• About this task
Restate the listing below word for word, pictures excluded.

• Given material
▼▼▼
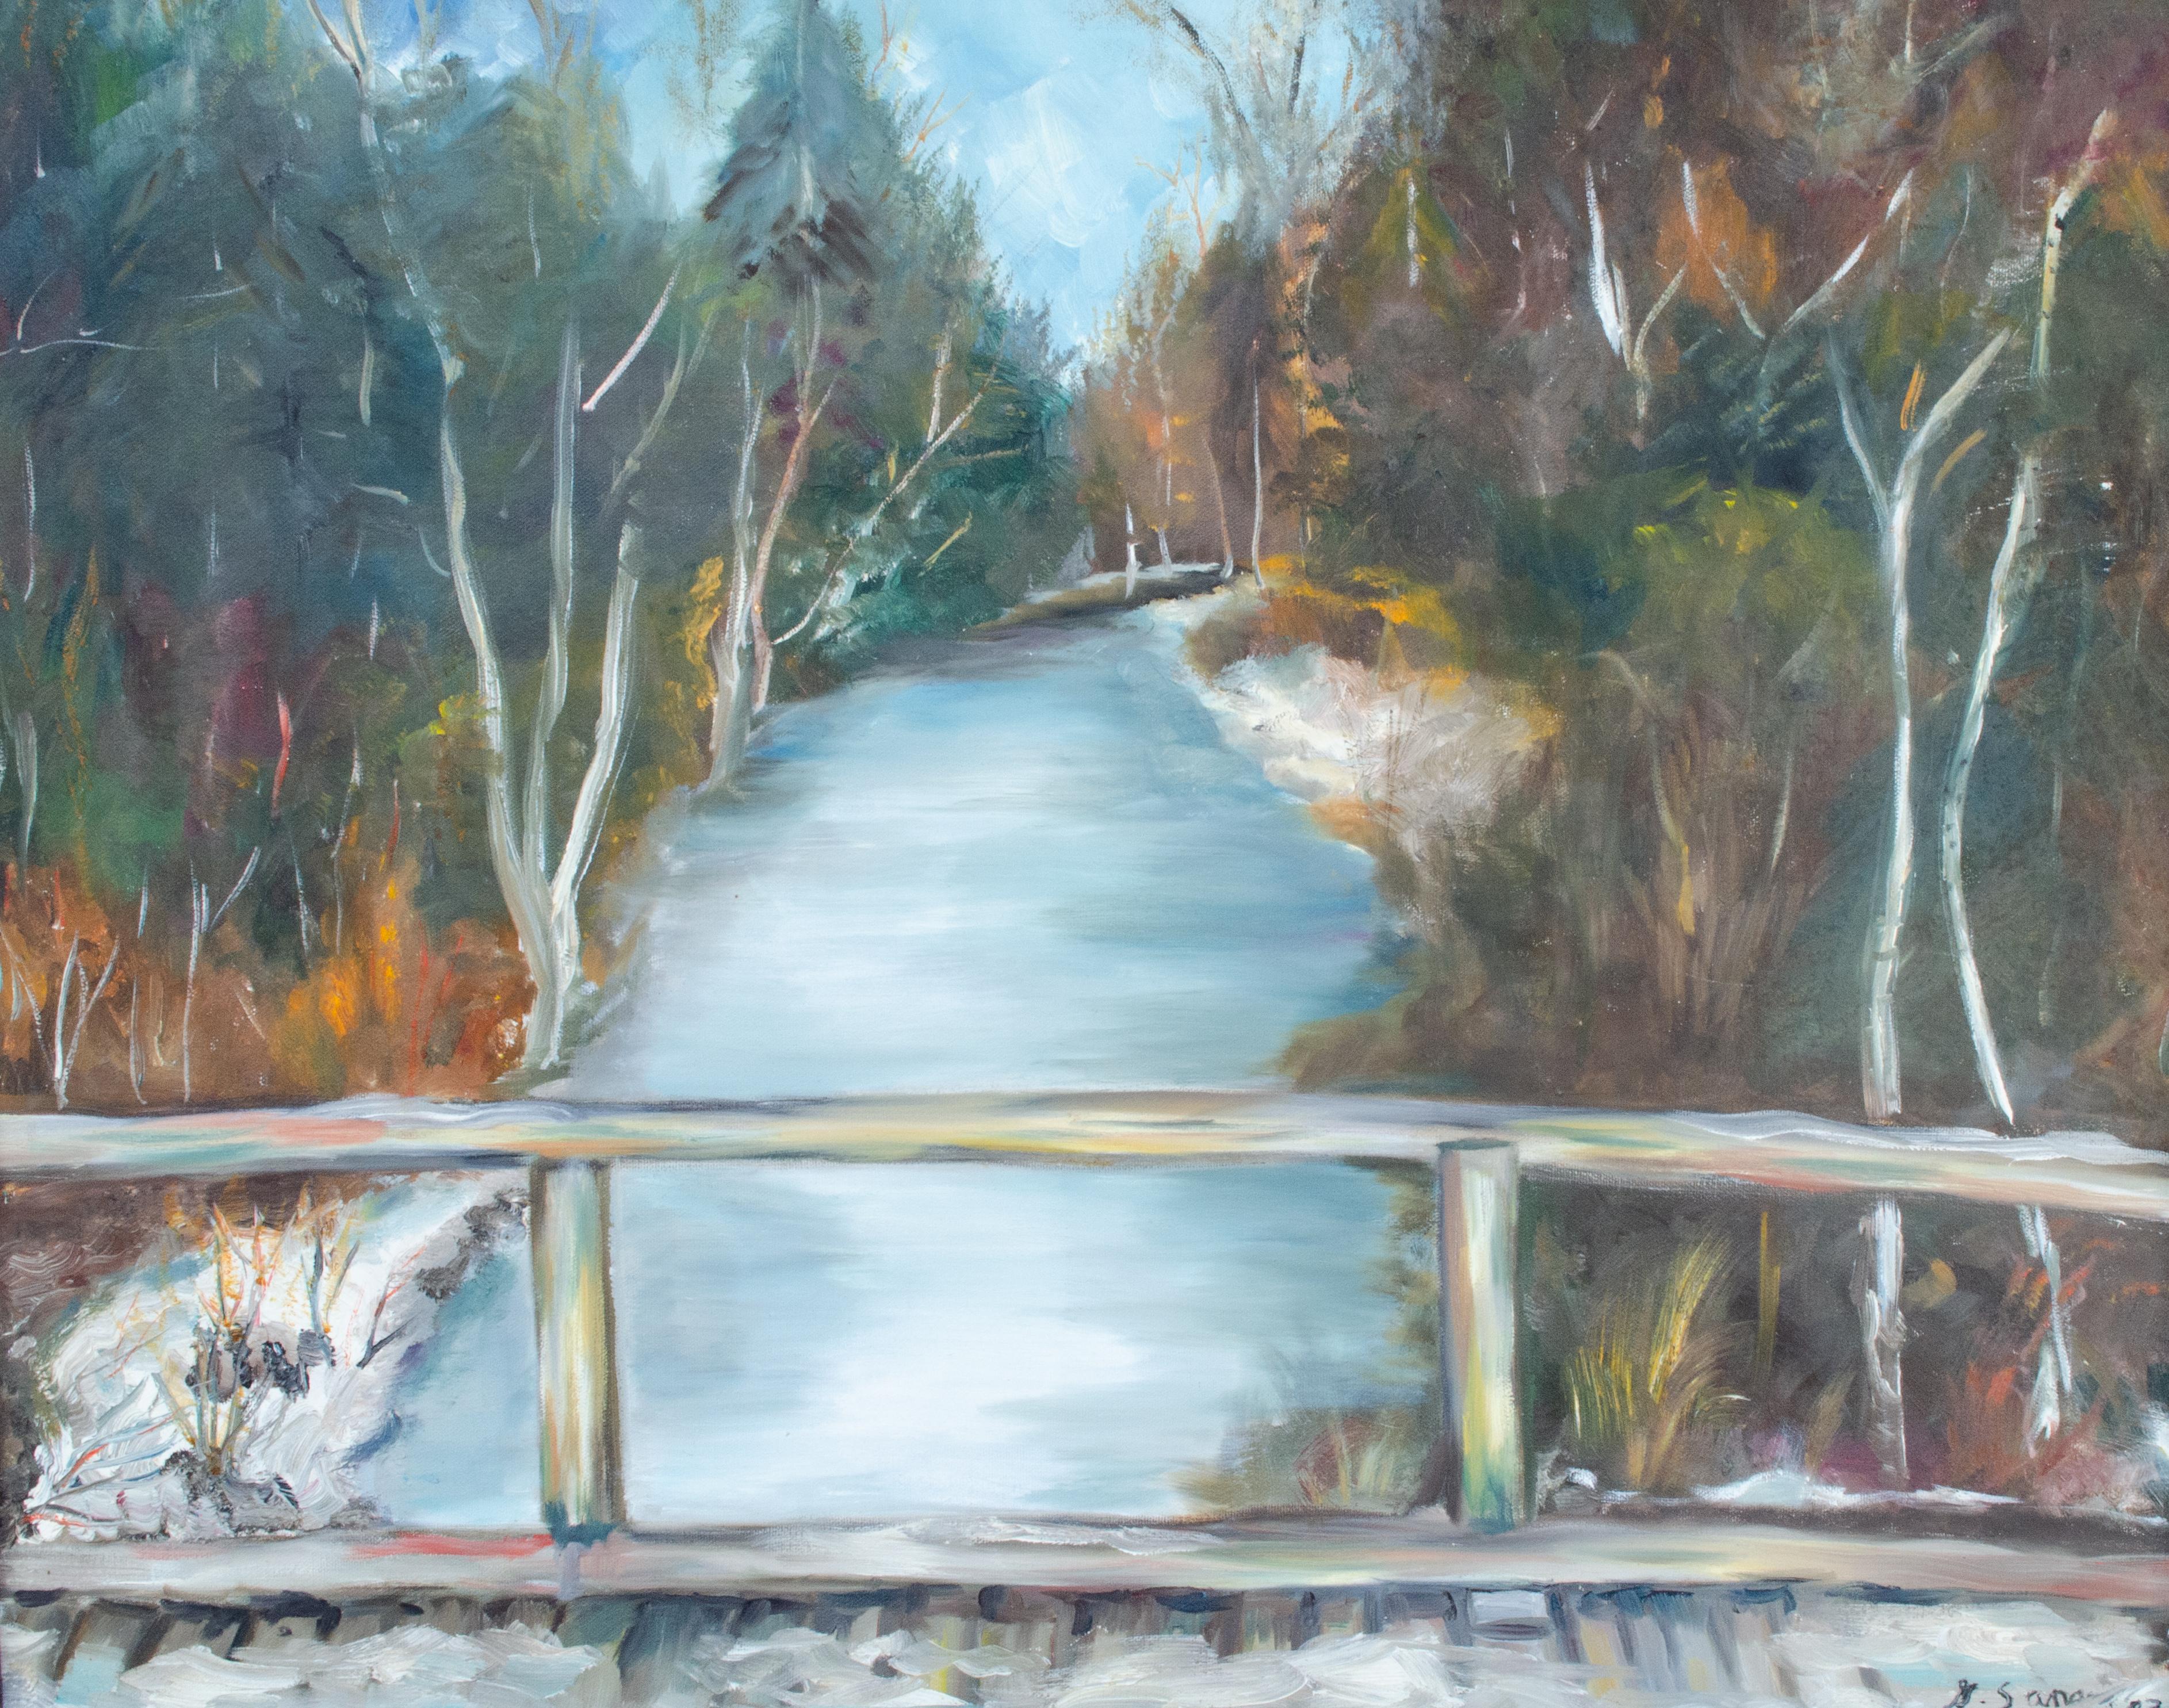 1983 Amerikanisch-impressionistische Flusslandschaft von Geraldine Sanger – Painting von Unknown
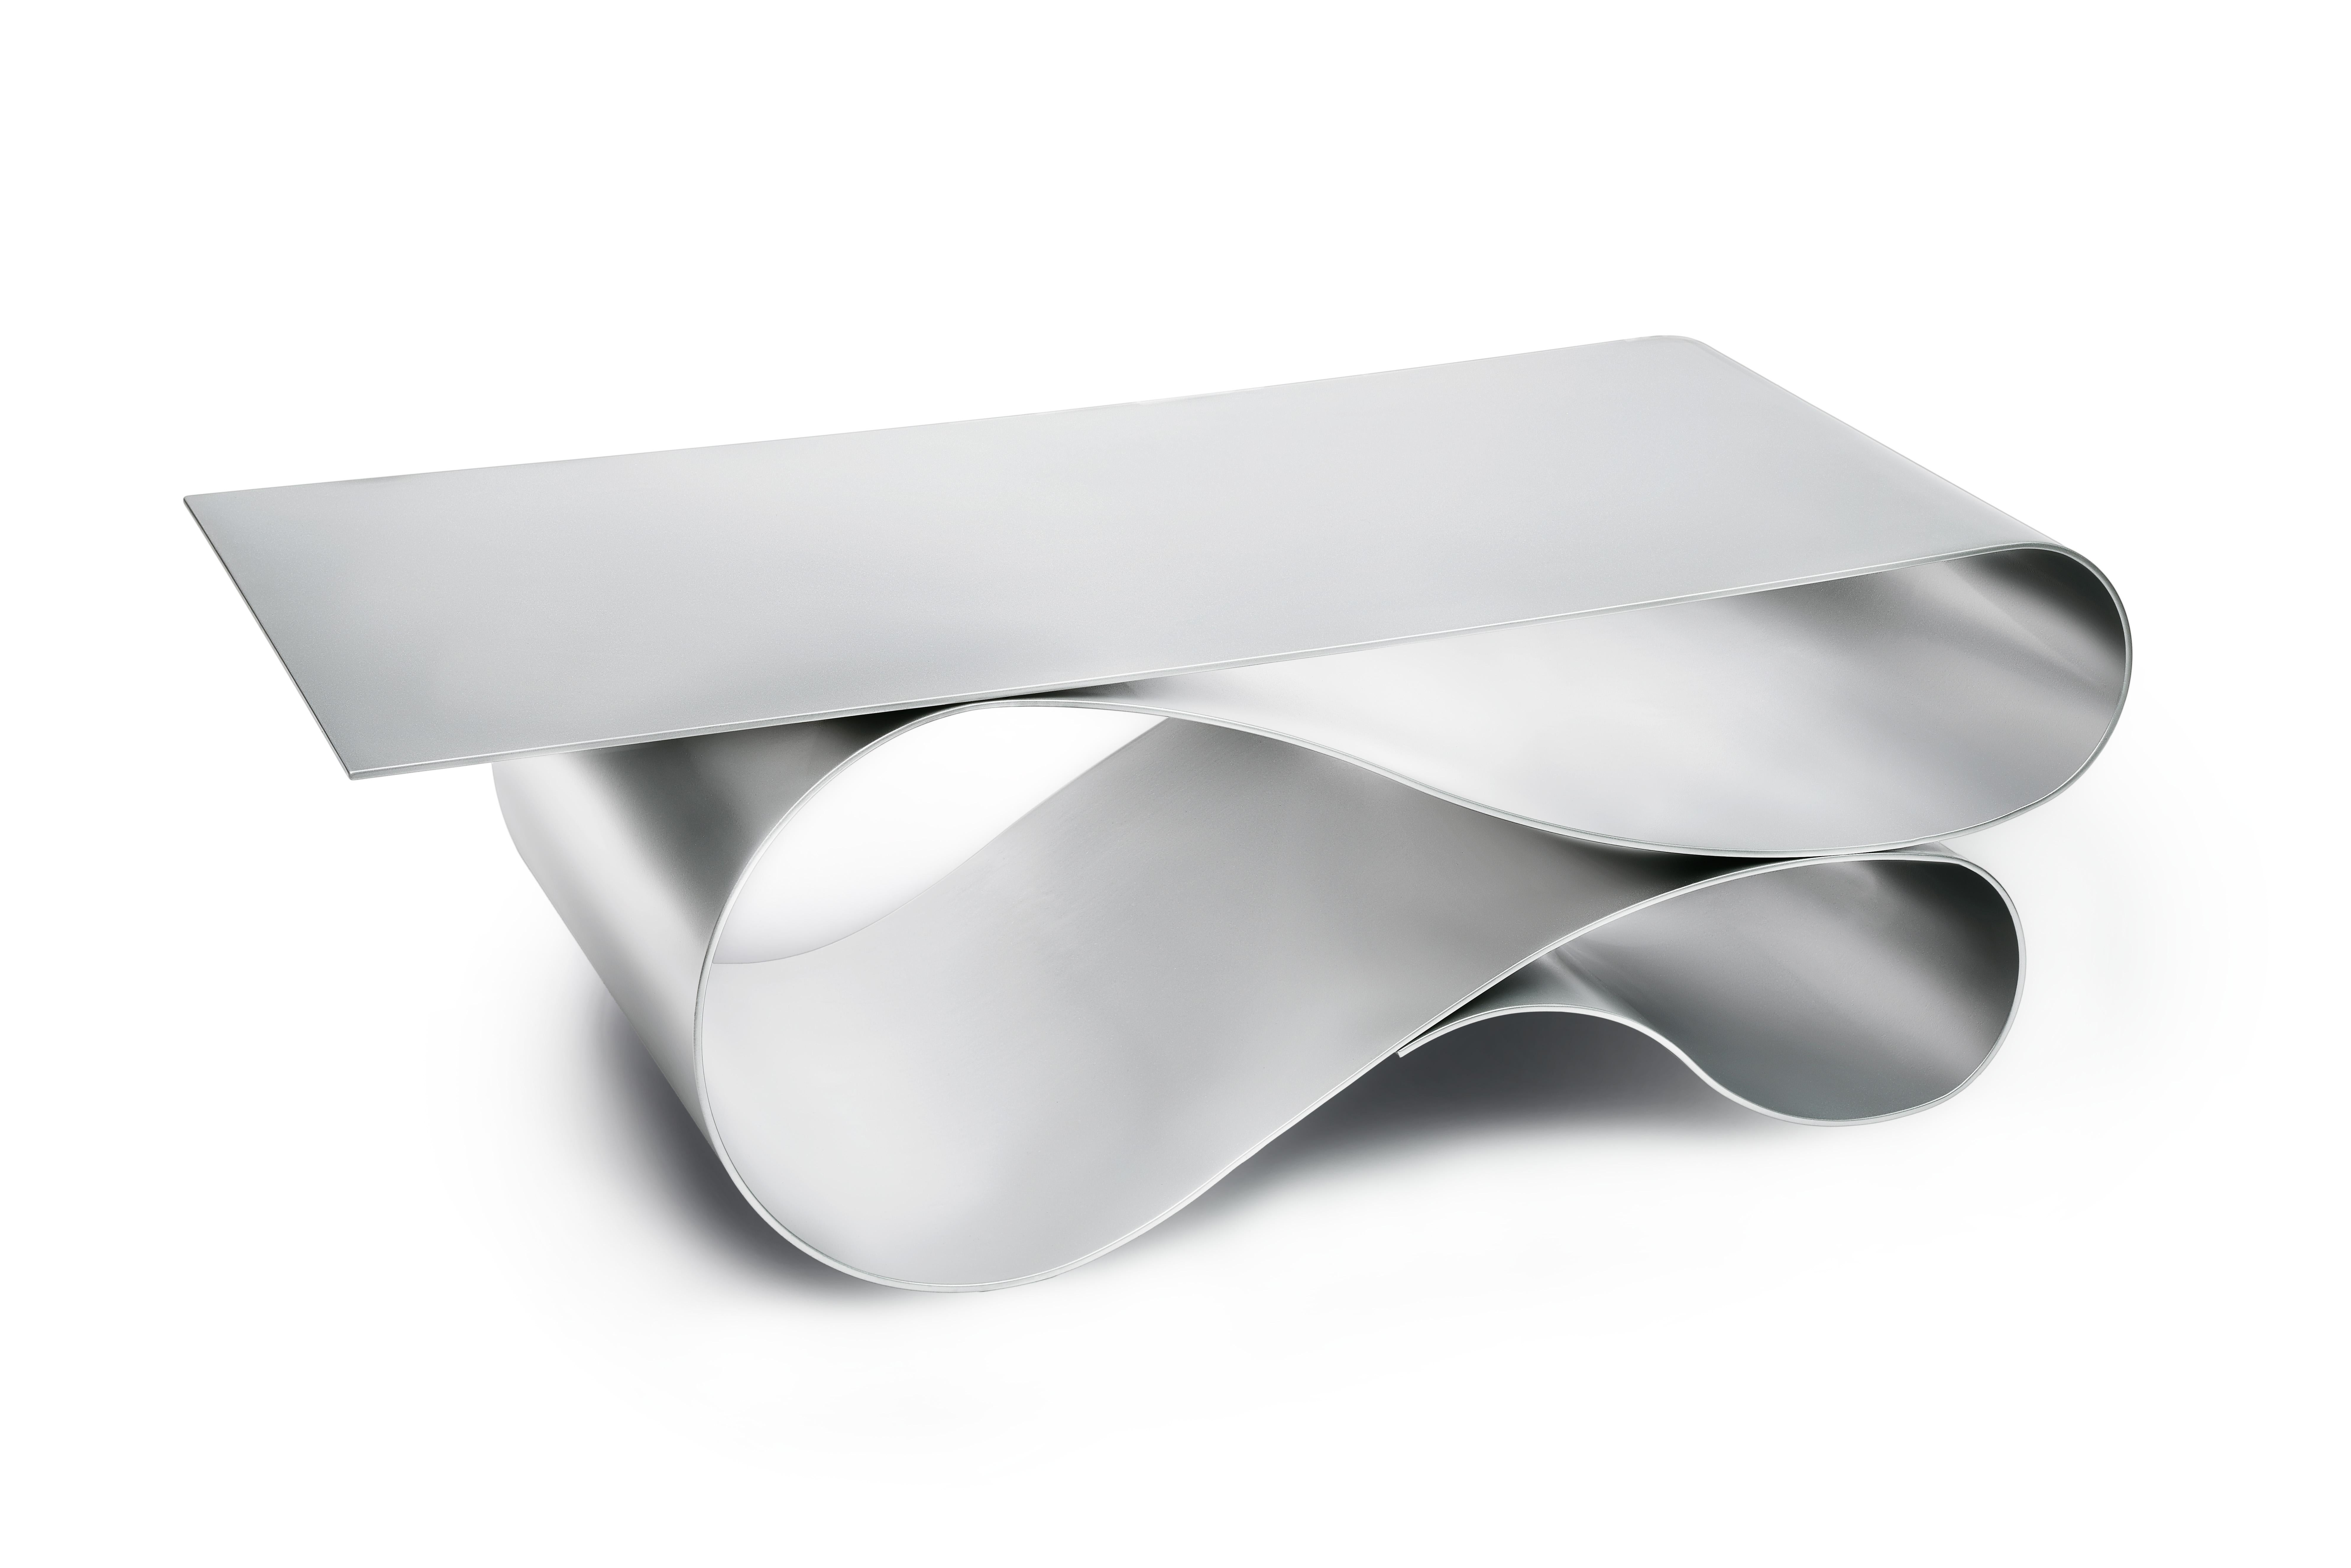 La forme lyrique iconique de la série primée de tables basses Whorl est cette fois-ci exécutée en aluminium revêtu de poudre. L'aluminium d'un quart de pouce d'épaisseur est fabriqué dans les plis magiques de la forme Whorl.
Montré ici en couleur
▲▲▲
• Response to this exercise
 1983 Amerikanisch-impressionistische Flusslandschaft von Geraldine Sanger – Painting von Unknown
 La forme lyrique iconique de la série primée de tables basses Whorl est cette fois-ci exécutée en aluminium revêtu de poudre. L'aluminium d'un quart de pouce d'épaisseur est fabriqué dans les plis magiques de la forme Whorl.
Montré ici en couleur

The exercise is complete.